Thy sides precipitous, with shrill harsh cry,

Their white wings glancing in the level beam,

The terns, and gulls, and tarrocks, seek their food,

And thy rough hollows echo to the voice

Of the gray choughs, and ever restless daws,

With clamor, not unlike the chiding hounds,

While the lone shepherd, and his baying dog,

Drive to thy turfy crest his bleating flock.

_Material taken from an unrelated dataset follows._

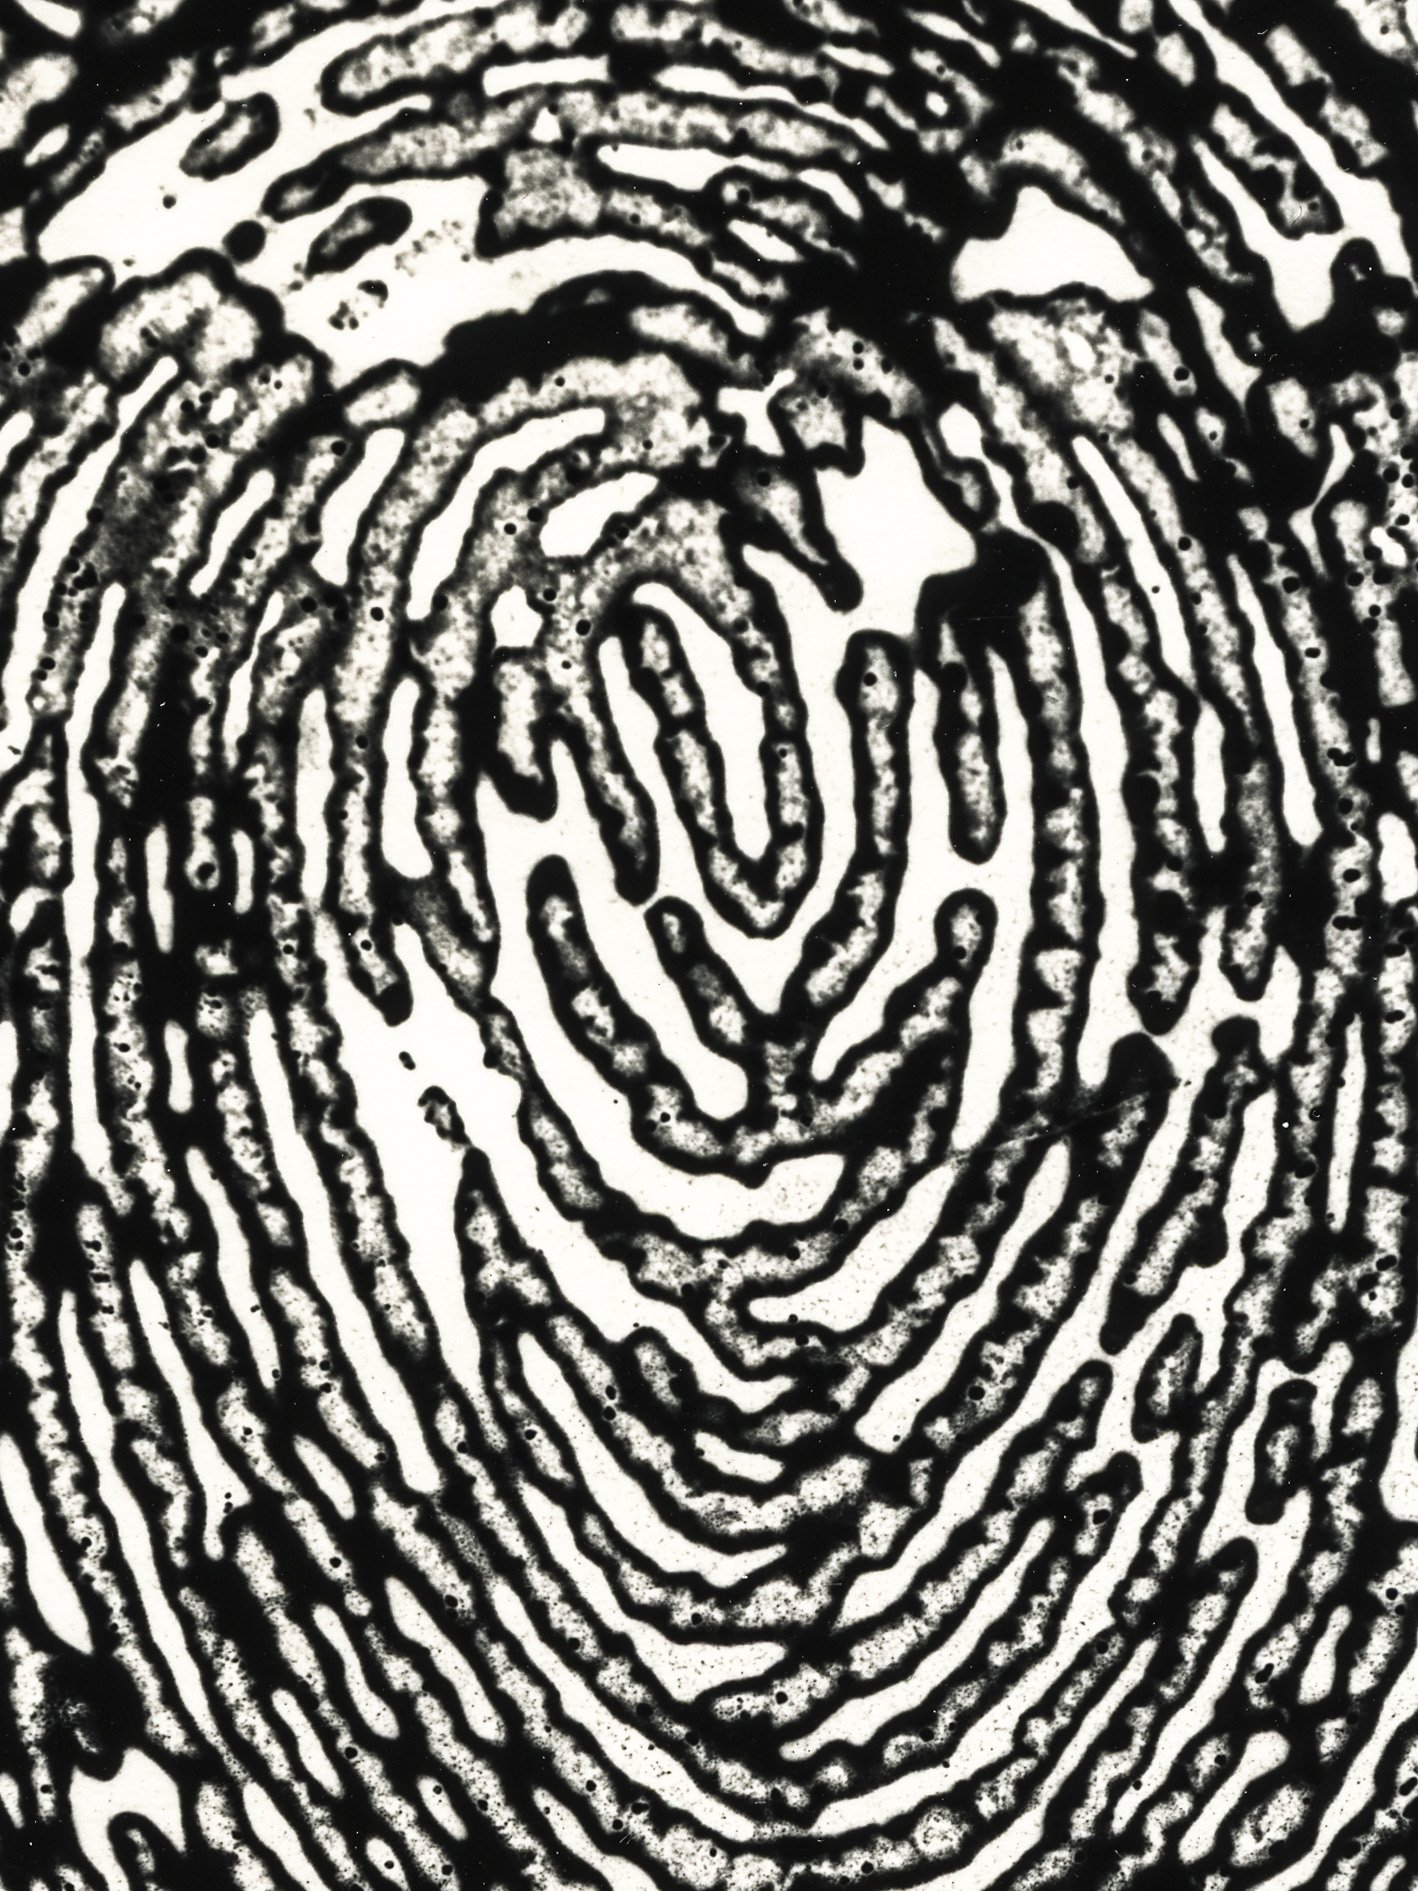 Fingerprint Interior, Mia Fritze

The high meridian of the day is past,

And Ocean now, reflecting the calm Heaven,

Is of cerulean hue; and murmurs low

The tide of ebb, upon the level sands.

The sloop, her angular canvas shifting still,

Catches the light and variable airs

That but a little crisp the summer sea,

Dimpling its tranquil surface.


Sonnet: On Being Cautioned Against Walking on an Headland Overlooking the Sea, Because It Was Frequented by a Lunatic

Is there a solitary wretch who hies

To the tall cliff, with starting pace or slow,

And, measuring, views with wild and hollow eyes

Its distance from the waves that chide below;

Who, as the sea-born gale with frequent sighs

Chills his cold bed upon the mountain turf,

With hoarse, half-uttered lamentation, lies

Murmuring responses to the dashing surf?

In moody sadness, on the giddy brink,

I see him more with envy than with fear;

He has no nice felicities that shrink

From giant horrors; wildly wandering here,

He seems (uncursed with reason) not to know

The depth or the duration of his woe.


To the Shade of Burns

Mute is thy wild harp, now, O Bard sublime!

Who, amid Scotia’s mountain solitude,

Great Nature taught to “build the lofty rhyme,”

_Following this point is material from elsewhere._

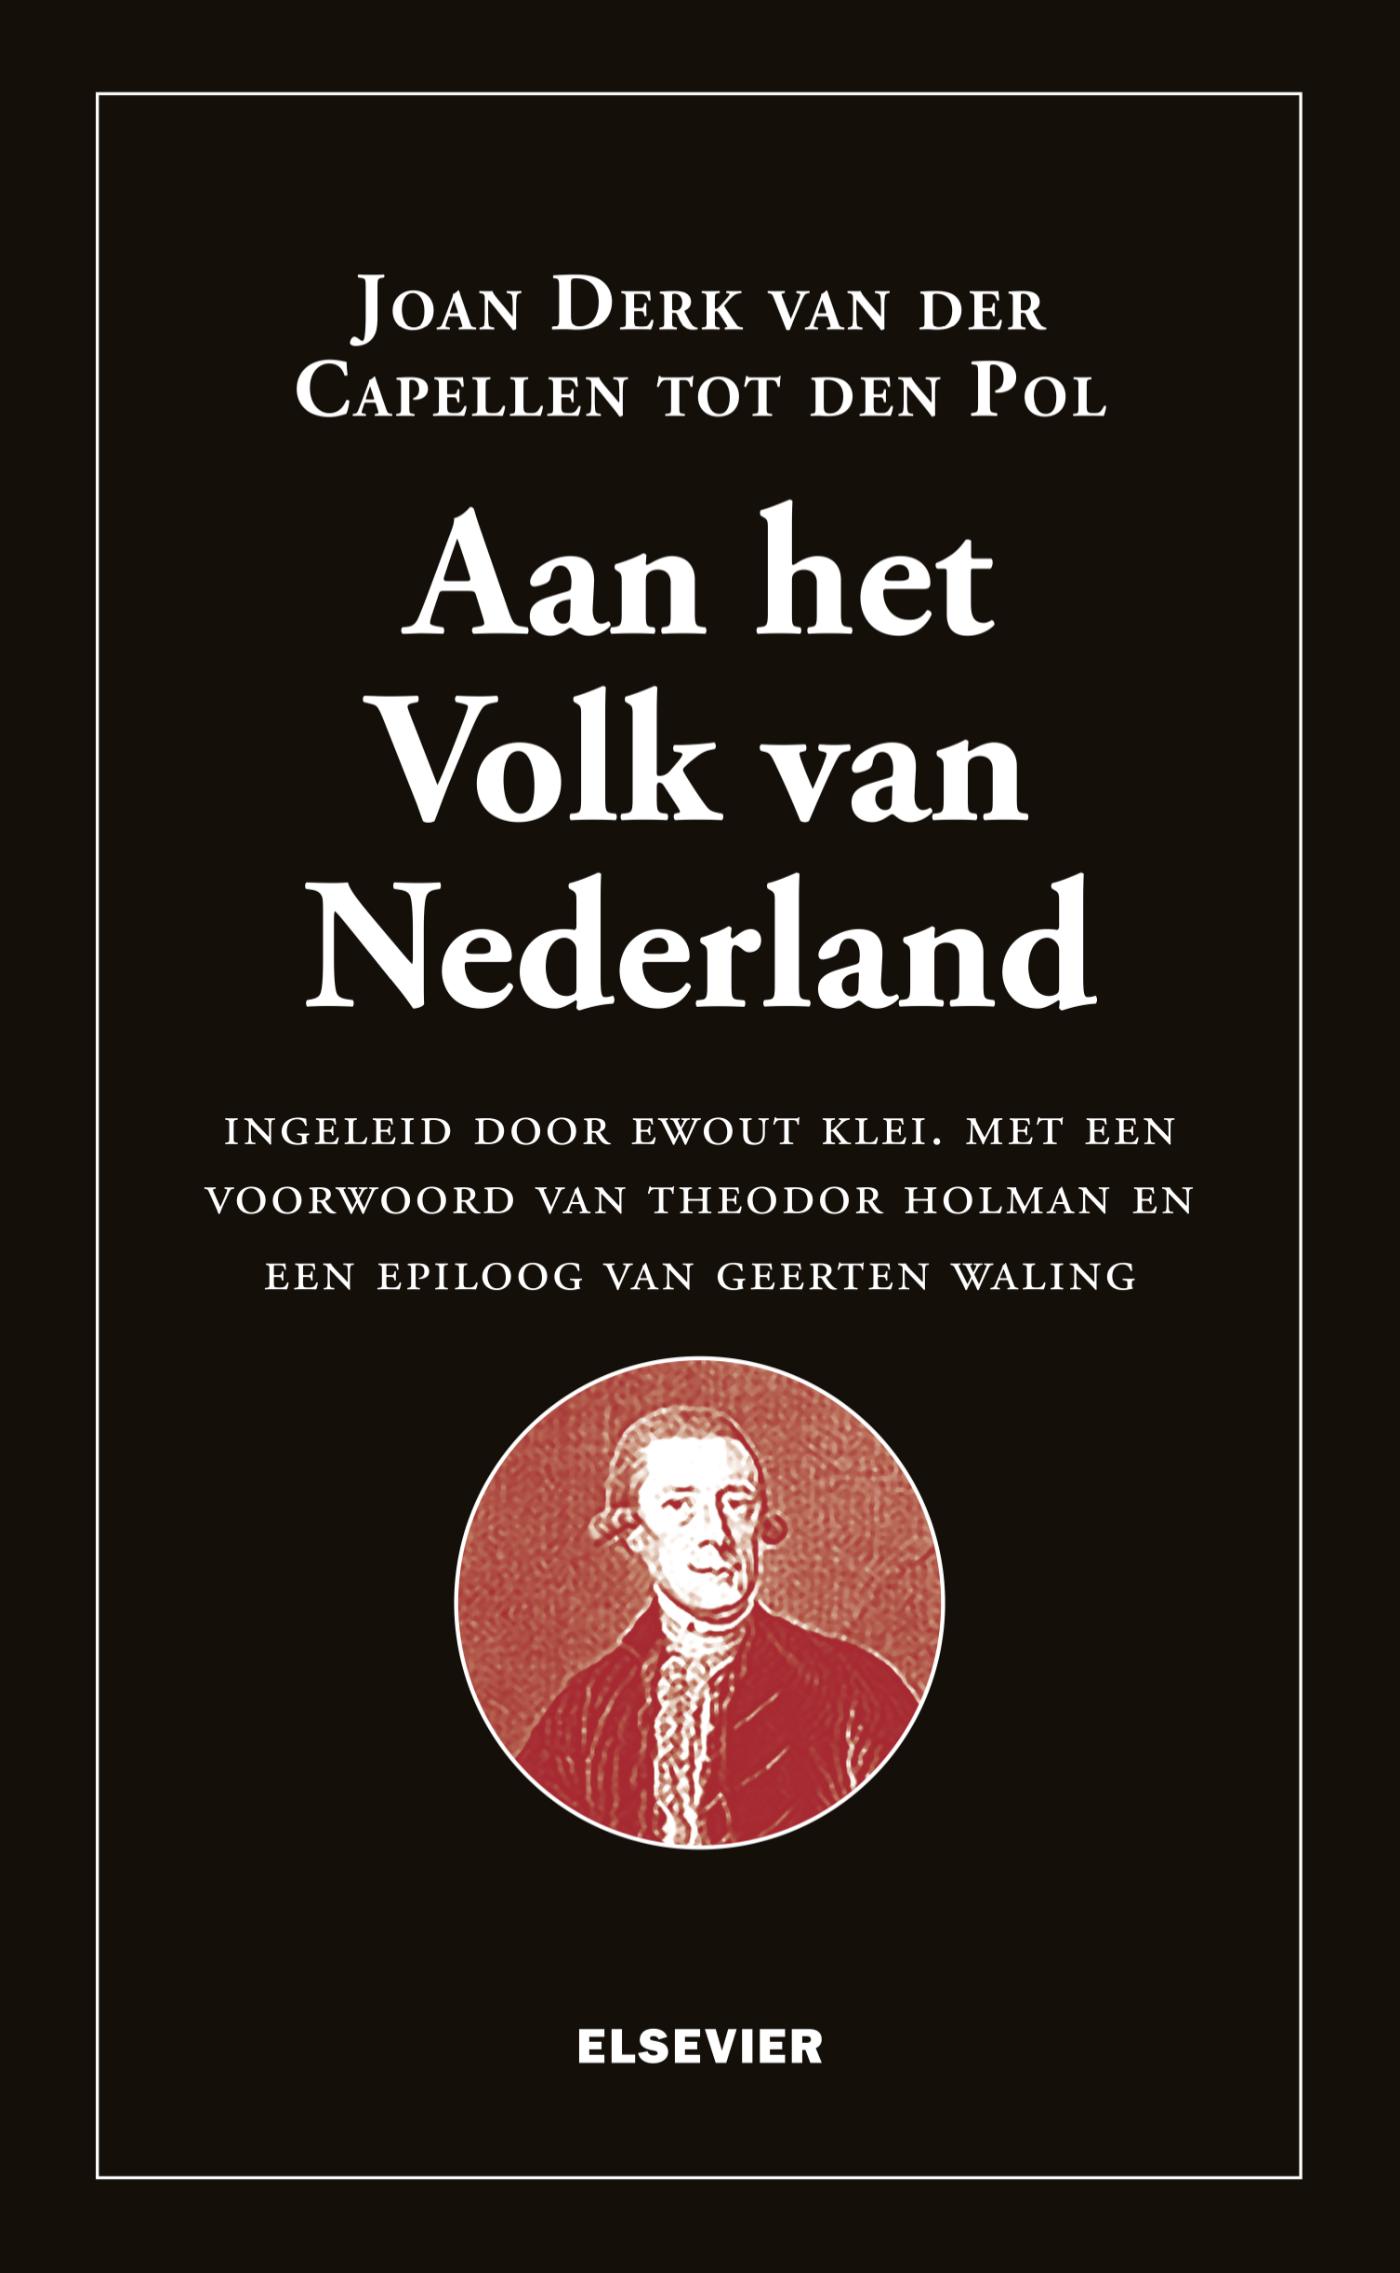 Aan het volk van Nederland! (Ebook)

And even beneath the daily pressure, rude,

Of laboring Poverty, thy generous blood,

Fired with the love of freedom—Not subdued

Wert thou by thy low fortune: But a time

Like this we live in, when the abject chime

Of echoing Parasite is best approved,

Was not for thee—Indignantly is fled

Thy noble Spirit; and no longer moved

By all the ills o’er which thine heart has bled,

Associate worthy of the illustrious dead,

Enjoys with them “the Liberty it loved.”